Not everyone sees her impact as positive. Yvonne Roberts, the feminist writer who coined the phrase "feminism was not about joining the system but changing it", sees Bridget as a "joiner", one who has taken on bachelor characteristics - for example, smoking to be cool and liberated - to fit in with established norms. Meanwhile her view of relationships and what it means to be a woman is illiberal. "I wish she had changed how we view single women," Roberts says. "But it's the same story. Bridget still gets her man, still worries about being fat."

Of course, part of the Bridget Jones phenomenon was that she was not a feminist ideal, but rather a woman struggling to deal with the many pressures and contradictory aspirations of our times. As Fielding as confessed, Bridget was a zeitgeist thing, ripe for being explored fictionally. Ally McBeal, for instance, was her counterpart on the other side of the Atlantic.

Bridget is undoubtedly one of an expanding social group. "One in four households are single," read one of her Diary entries, "most of the royal family are single, the nation's young men have been proved to be unmarriageable, and as a result there's a generation of single girls, like me, with their own incomes and homes who have lots of fun and don't need to wash anyone else's socks." Since then, times have changed: now one in three households are single. Projections for 2021 suggest half the women between 30 and 44 will never have been married. This is not a sad state of affairs. Women will have taken this route out of choice not pressure (it has often been demonstrated in surveys that the happiest groups of people are married men and single women). It's not that these women are desperate to be married, rather that they have chosen the single life and are having trouble giving it up - regardless of what Bridget's uncle Geoffrey refers to as the "tick-tock-tick-tock" of the biological clock.

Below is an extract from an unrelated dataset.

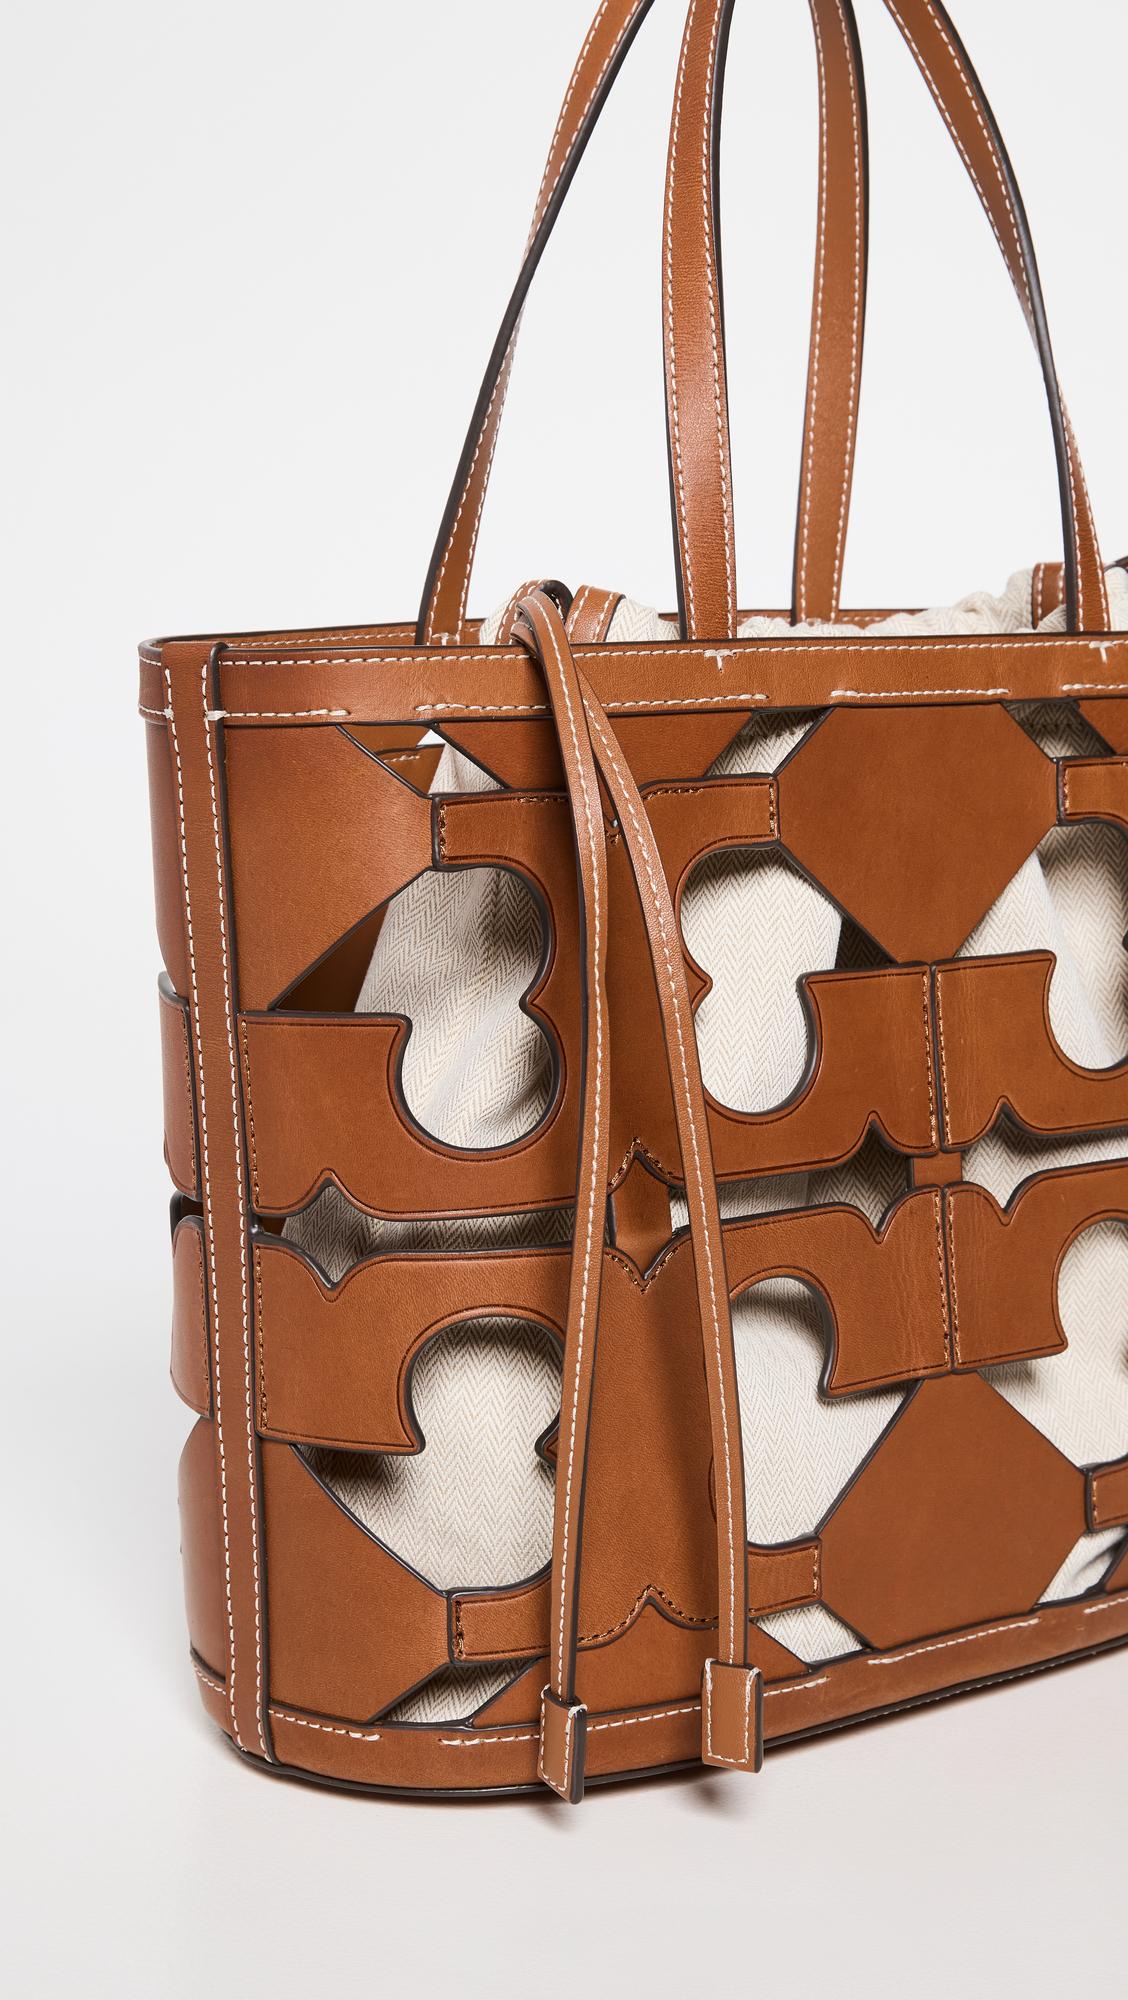 Leather Cutout Tote in Brown - Tory Burch

Traditionally, women were the driving force behind getting men to commit. Now, with so many opportunities, they are just as likely to be slamming on the brakes as putting their foot on the gas. There are almost as many female commitment-phobes as there as male. Indeed, Bridget, for all her desperation, often appears to be one herself. In spite of her life seeming to revolve around her search for a Prince Charming, she seems attached to her singleton existence in the bosom of her "urban family": Shazza, Jude and Tom. The pressures towards marriage are exterior, from her family; she herself has her doubts. "If you'd asked tonight," she says at one point in The Edge Of Reason, "the answer would have been, 'no'". There is as much of a skittish pull away from the aisle as there is propulsion towards it. As Mariella Frostrup, former It-Girl turned agony aunt, puts it in the book of her columns, Dear Mariella: "The only difference between women and men is terror of commitment is one emotional state men aren't afraid to admit to. Women, on the other hand, are suffering a sort of mass delusion. The modern Ms pretends all she wants is a stable relationship and then does everything in her power to avoid it."

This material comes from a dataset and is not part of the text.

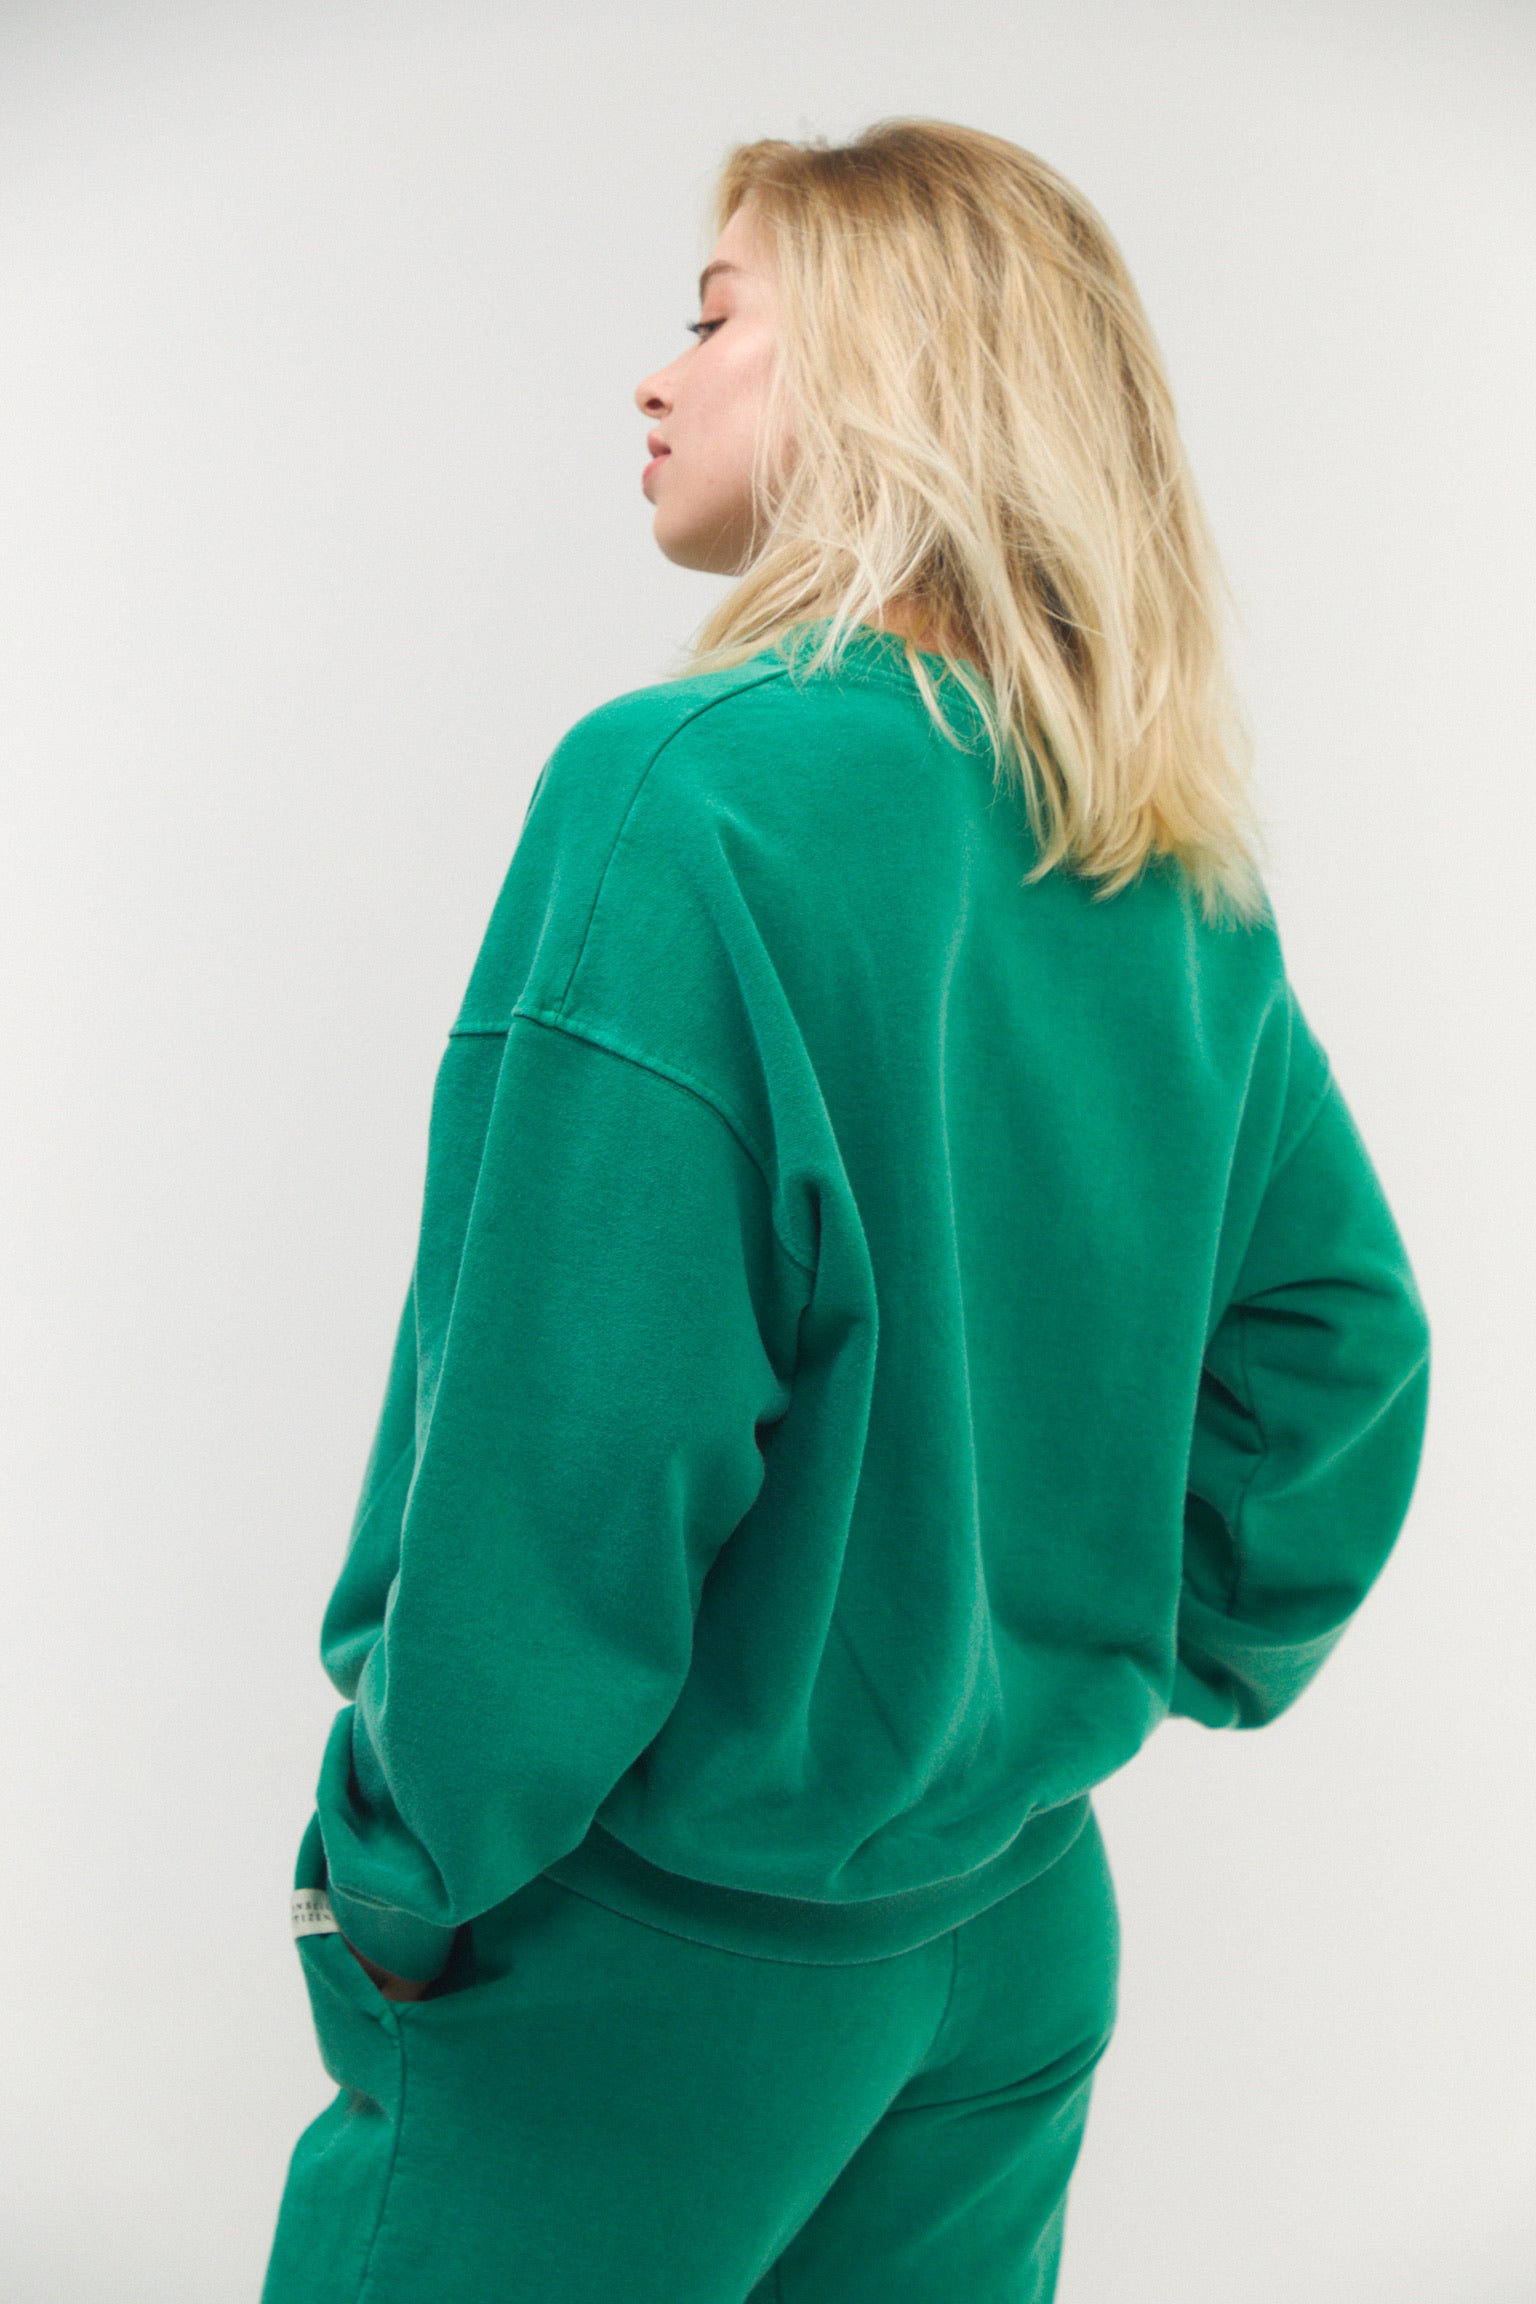  Indulge in the comfort of a soft organic cotton sweatshirt, crafted with care for the planet

Of course, many singletons are anxious about their state and, naturally, aspire to finding love. For Jenny Colgan, herself now married, this is more about a fear of living alone than of being left on the shelf. "It's the concept of being discovered dead at home eaten by Alsatians. I don't think this is just a woman's thing. Single men think that too. It chimes with the fact more and more people live on their own." In other words, men have anxieties too. The stereotypes of chick-lit and lad-lit are achingly similar: that women are insecure and desperate and men are just simply insecure. There are, as Tony Parsons put it in one of his columns, as many Brian Joneses out there as Bridget Joneses.